The times of pandemic have taught us one thing (something we knew but never really bothered as much) and that is how critical it is to regularly monitor one's vitals. From a "30-second-hold-your-breath" to "smart pulse-oxymeters", everyone is doing whatever they can, based on the access to tools and resources one has.
Well, believe it or not but in the cyber-world "pandemics" happen all the time. Most of us never get to know of them because we are kept protected by a gamut of products and services our respective organizations have invested in to keep our devices and networks safe. And yet breaches are not unusual.

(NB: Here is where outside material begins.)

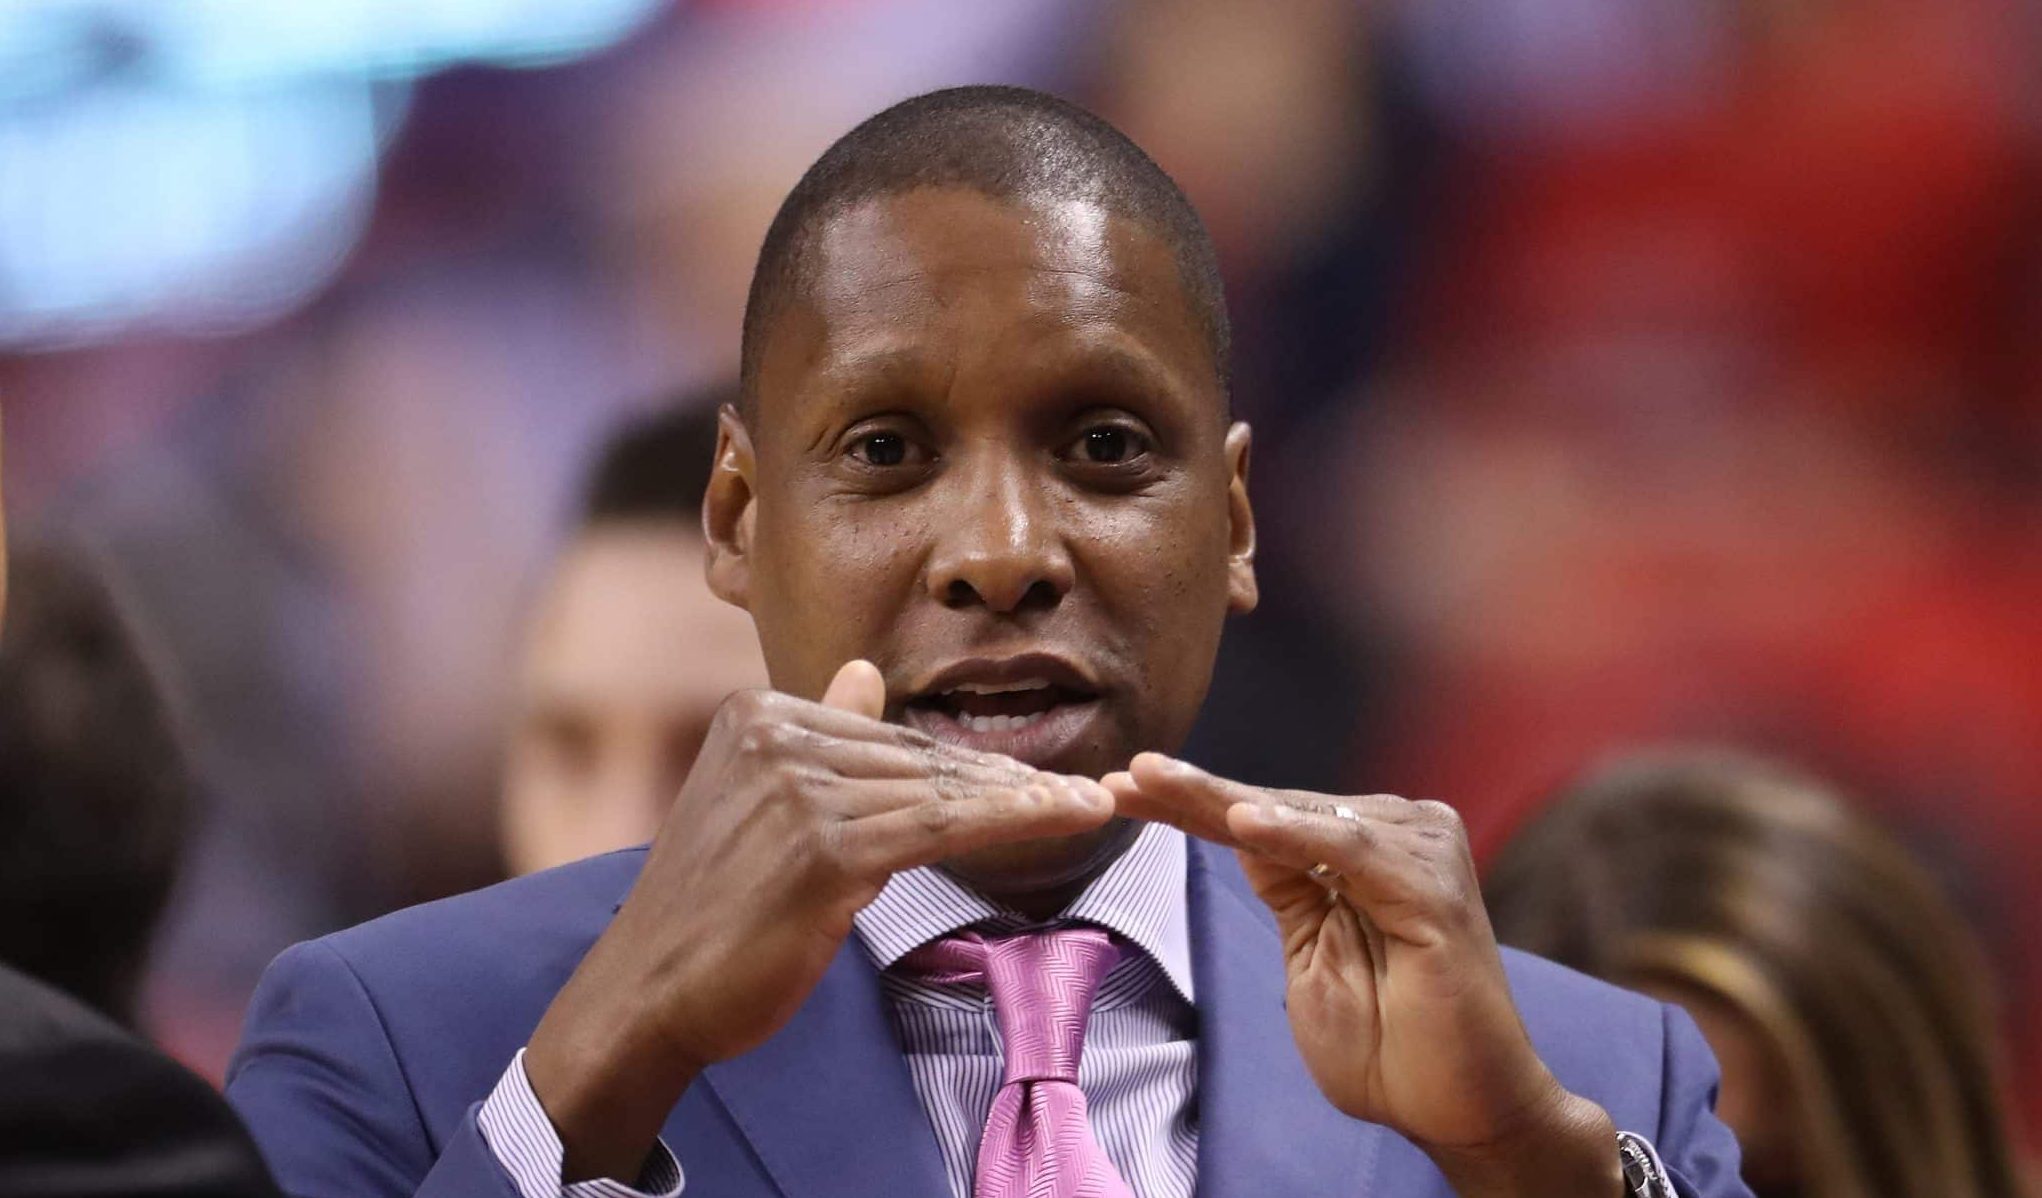 TORONTO, ON - MAY 21: General manager Masai Ujiri of the Toronto Raptors before the start of their game against the Cleveland Cavaliers in Game Three of the Eastern Conference Finals during the 2016 NBA Playoffs at the Air Canada Centre on May 21, 2016 in Toronto, Ontario, Canada. NOTE TO USER: User expressly acknowledges and agrees that, by downloading and or using this photograph, User is consenting to the terms and conditions of the Getty Images License Agreement.

With remote working transitions, the COVID times have pushed us further from these security layers. Sure, once we get connected to the corporate networks, there is a level of security that gets enforced but the surface on which we are connected through our home/private wi-fi to the secure network has increased. The amount of emails we are reading when not connected on secure networks have gone up. The amount of web we browse when not connected to enterprise security has gone up. With the device often being shared by a family member for school work (as schools are running online), checking travel restrictions in different parts of the country or maybe for streaming Netflix, all of this has opened up a much larger surface of attack for our devices, the same devices that are also used for our professional work and which get connected to main network without any rules of a mandatory quarantine because there is no equivalent mechanism of regular monitoring to see if the 'temperature was high' or 'oxygen levels were low'.
The rise in the cyber attacks in the times of Covid, therefore, does not come as a surprise. At EclecticIQ, we have published the information about such attacks on a weekly basis.
Monotoring Tool PolyMon
Now we are announcing our monitoring tool, "PolyMon". PolyLogyx Monitoring Agent (PolyMon) is a Windows software that leverages the osquery tool and the PolyLogyx Extension to osquery, to provide a view into detailed information about process creations, network connections, file system changes, security critical event logs and many other activities on the system. In simpler terms, it is a tool that will help you monitor the vitals of your system. So for example if there is an EclecticIQ that says that we are witnessing a rise in "RDP brute force attacks", which take place by scanning the internet for RDP port 3389, you could simply fire up the PolyMon tool, navigate to "Socket Events" [that captures all the interesting socket connections on your device] and search to see if: port 3389 is open on your system and if there was a connection made on it.
Not only EclecticIQ but most threat intelligence companies that publish their advisories which contain the TTPs and IoC (e.g file hashes, process names, registry entries, so on and so forth) for the recent most discovered breaches, can now be easily searched for in your computer to come to a conclusion if the system witnessed any kind of breach, or even an attempt.
Attackers often can go after other devices at your home e.g. your router and serve all kinds of unwanted content by manipulating your DNS settings. With PolyMon, you can actually check if the DNS resolutions on your device is happening correctly or not. Simply navigate to "DNS Response Events" tab which shows the URL and what IP address did it resolve to. Then by making use of any 3rd party service (e.g whois) you can make a deduction if the URLs are getting resolved to the right IPs or not.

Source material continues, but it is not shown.